(Beginning of Dataset content)
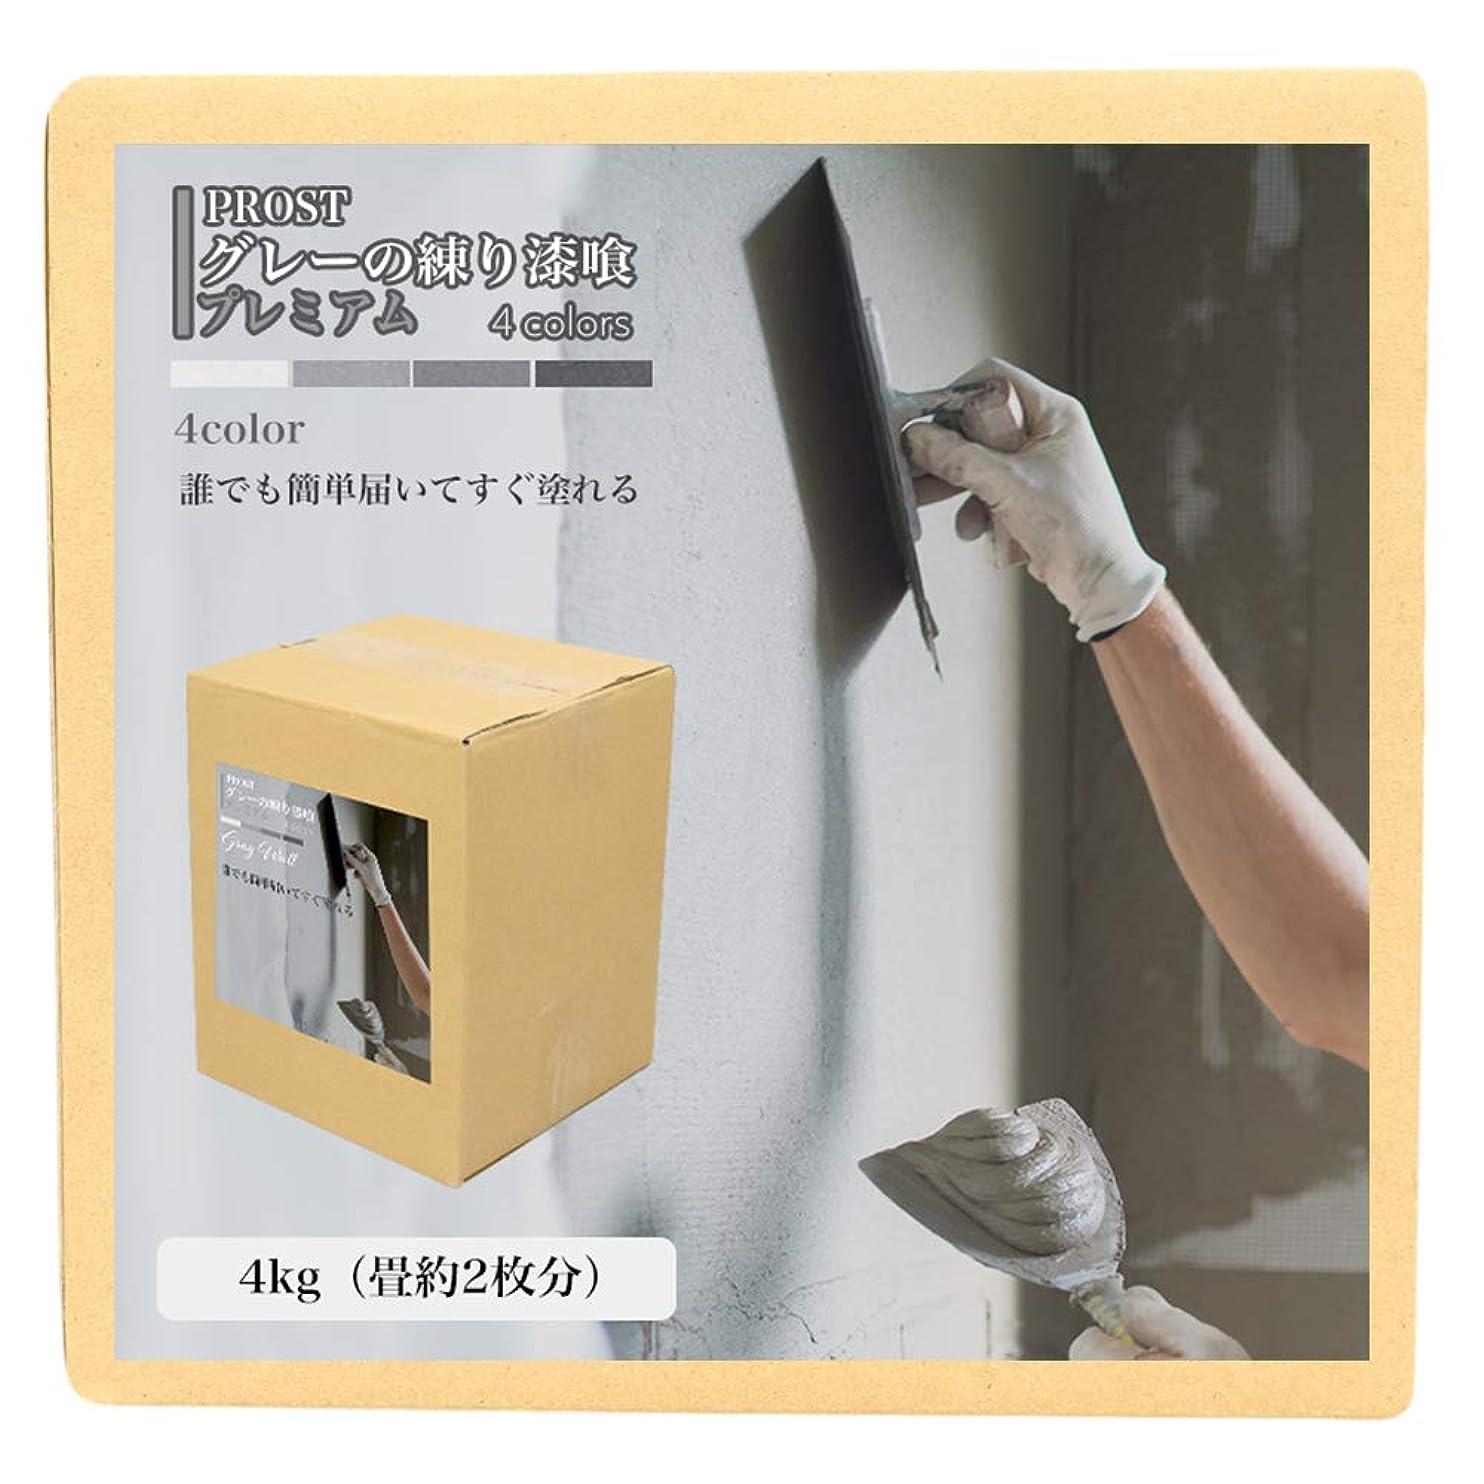 アマゾンジャングルチェス体操選手簡単!グレーの練り漆喰プレミアム 全4色 ダークグレー 4kg(畳2枚分 3.3m2)/PROST 練済み漆喰 日本製 左官 塗り壁 漆喰 ペイント
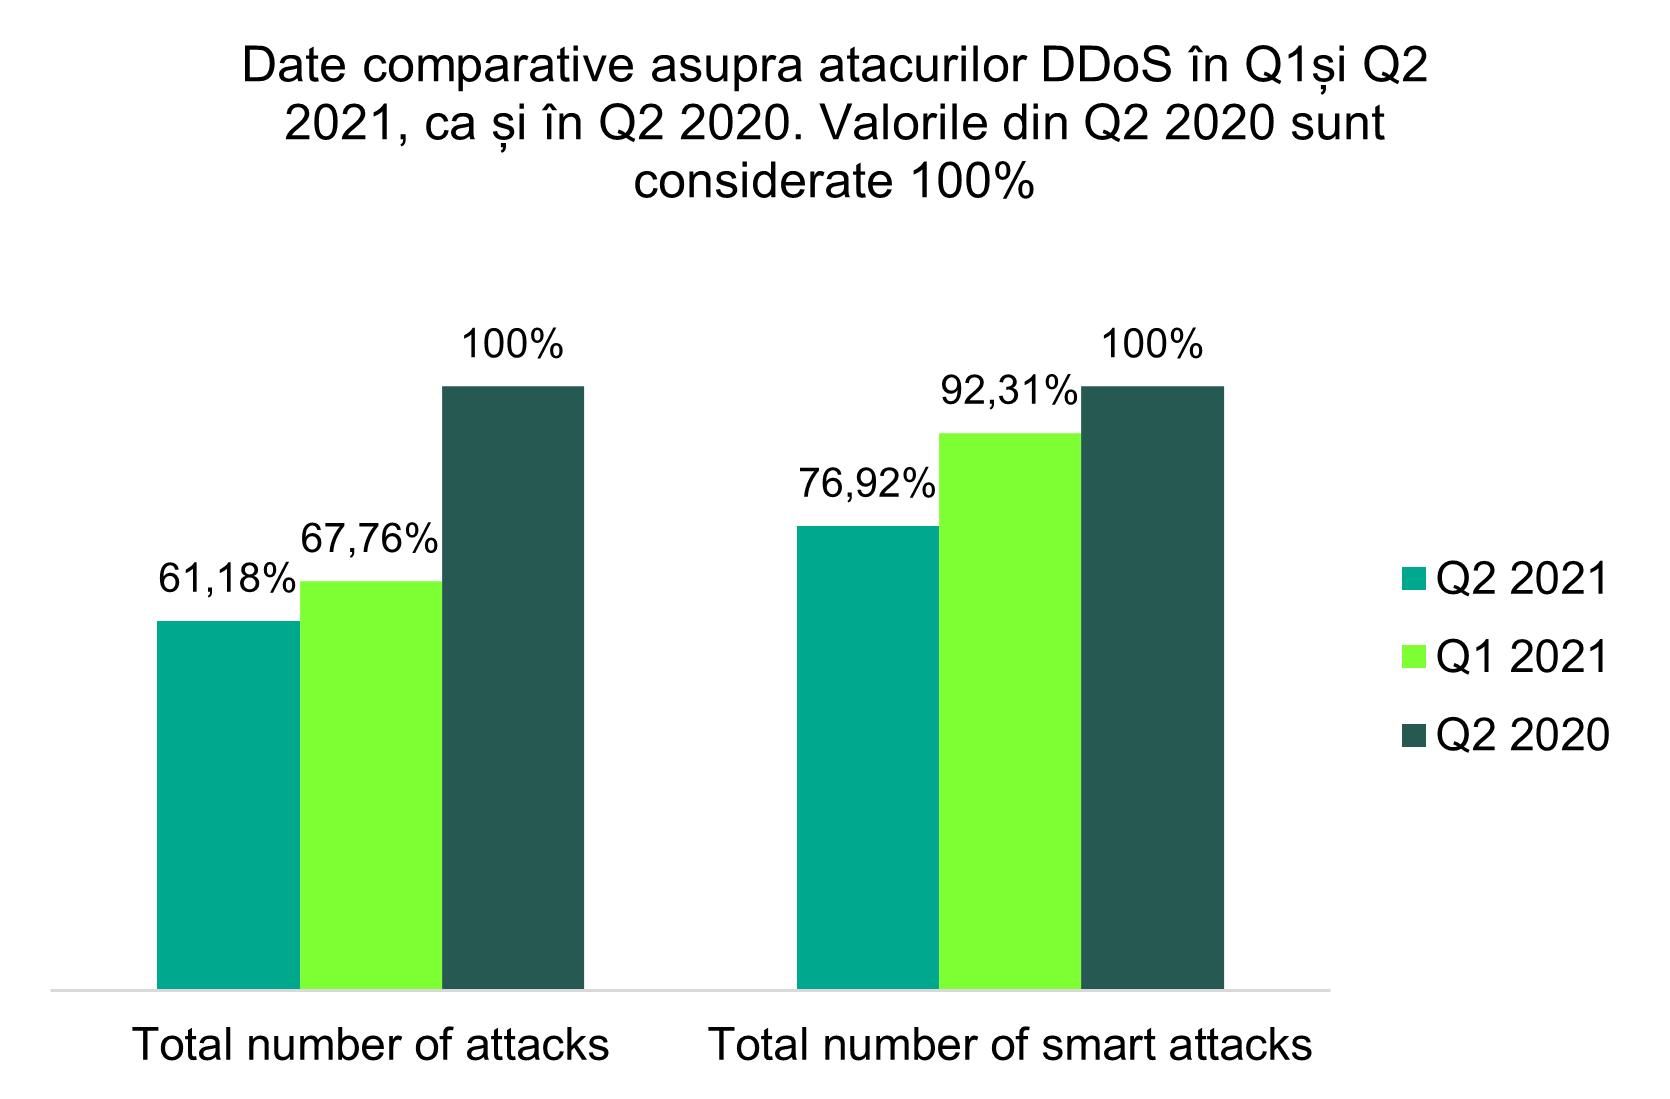 Efectele sezonului estival: mai puține atacuri DDoS și mici schimbări în ceea ce privește zonele geografice vizate în T2 2021
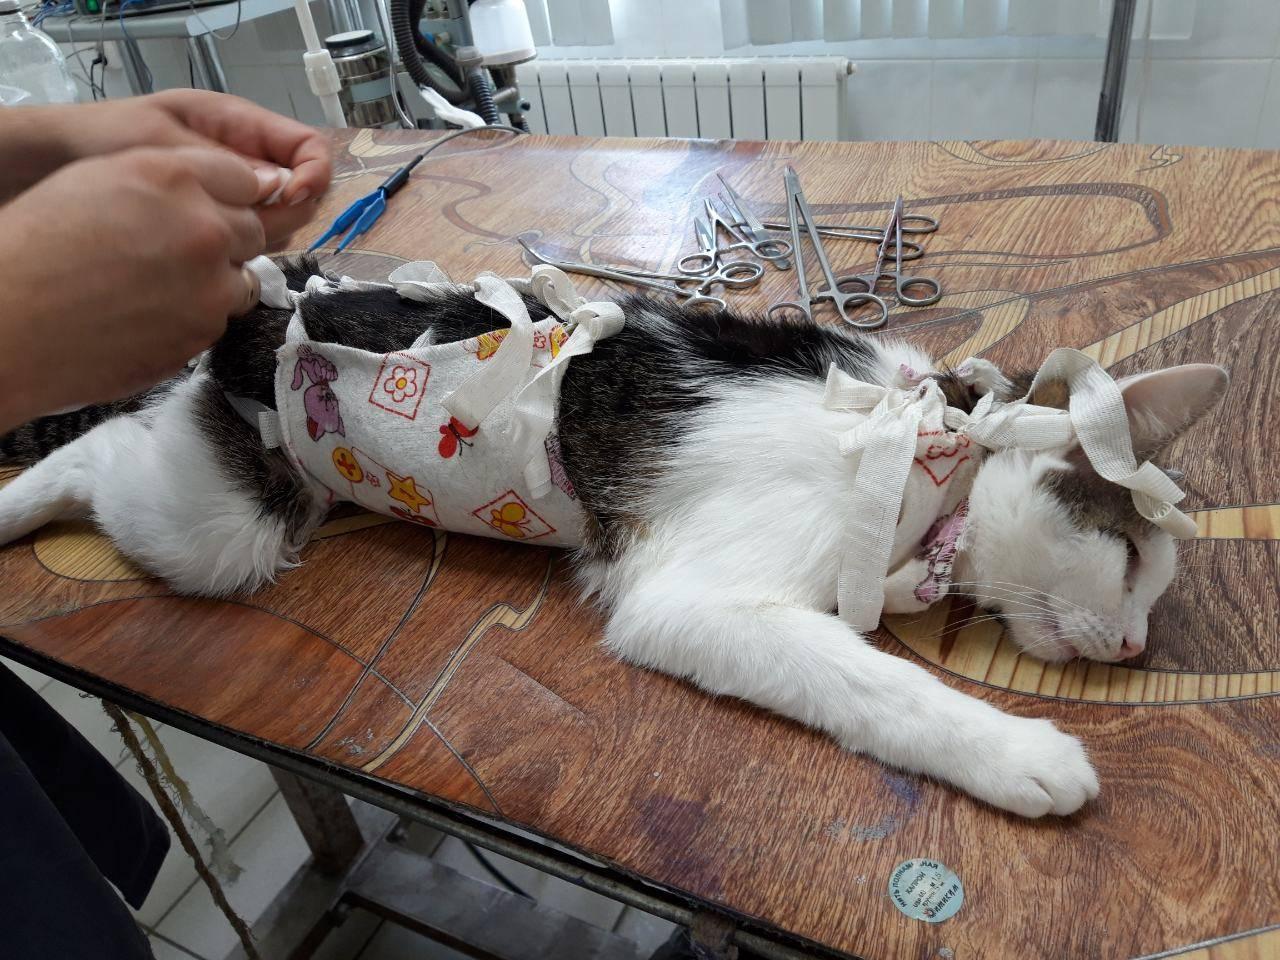 Стерилизация кошки: что это такое, с какого возраста проводят операцию, какие плюсы и минусы есть у стерилизации
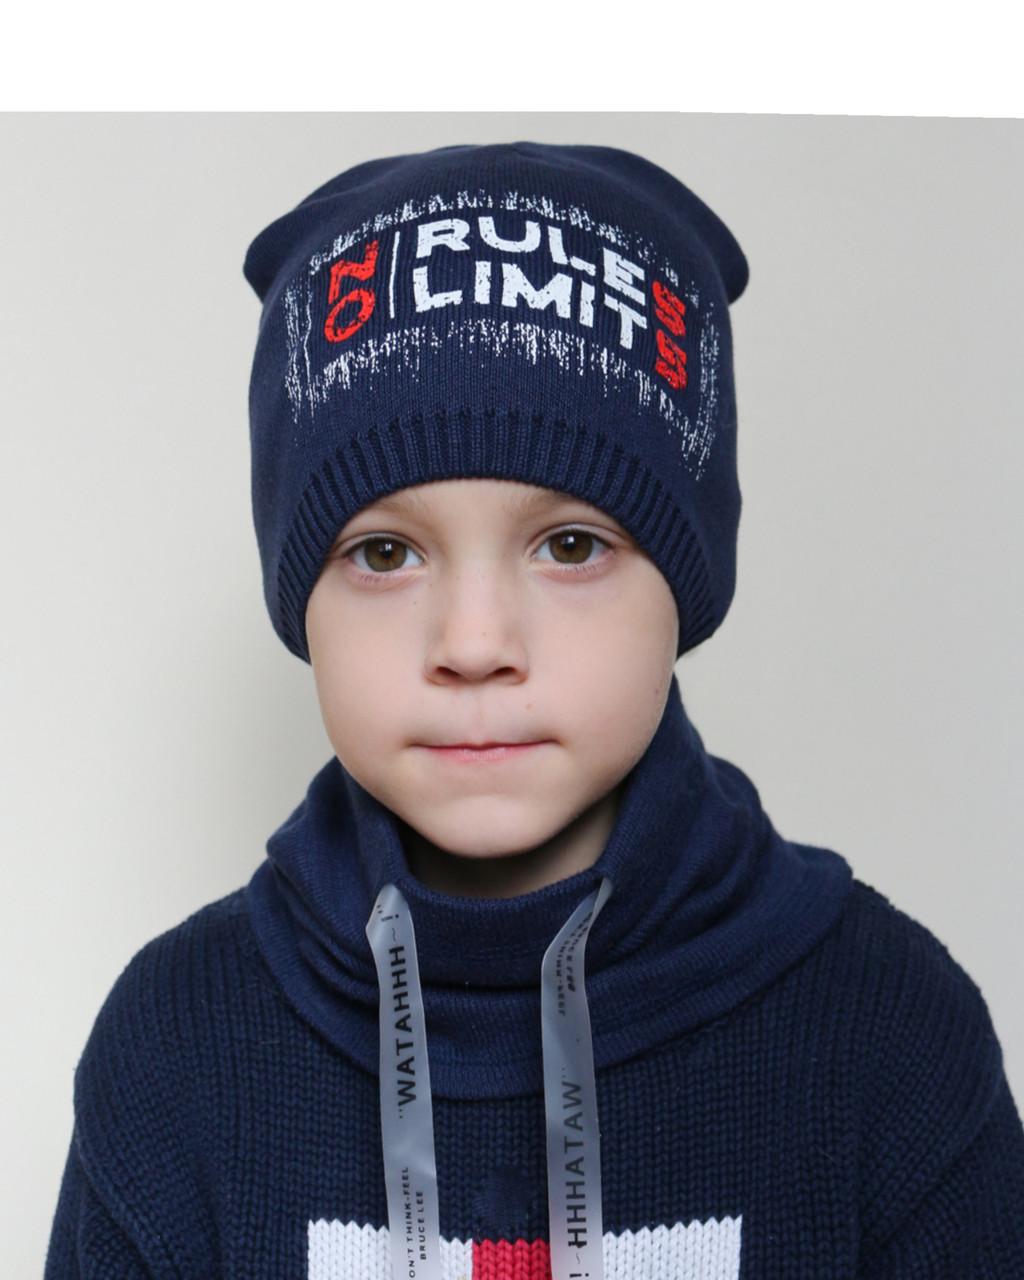 №128 Новинка! Детская шапка NO RULES р.48-54( 2-6 лет) т.син, т.сер, бордо, черный
(End of Dataset content)
§ **What you will do**: The listing above should be repeated word for word, with every image left out.

§ **Reply to the exercise**:
 アマゾンジャングルチェス体操選手簡単!グレーの練り漆喰プレミアム 全4色 ダークグレー 4kg(畳2枚分 3.3m2)/PROST 練済み漆喰 日本製 左官 塗り壁 漆喰 ペイント
 Efectele sezonului estival: mai puține atacuri DDoS și mici schimbări în ceea ce privește zonele geografice vizate în T2 2021
 Стерилизация кошки: что это такое, с какого возраста проводят операцию, какие плюсы и минусы есть у стерилизации
 №128 Новинка! Детская шапка NO RULES р.48-54( 2-6 лет) т.син, т.сер, бордо, черный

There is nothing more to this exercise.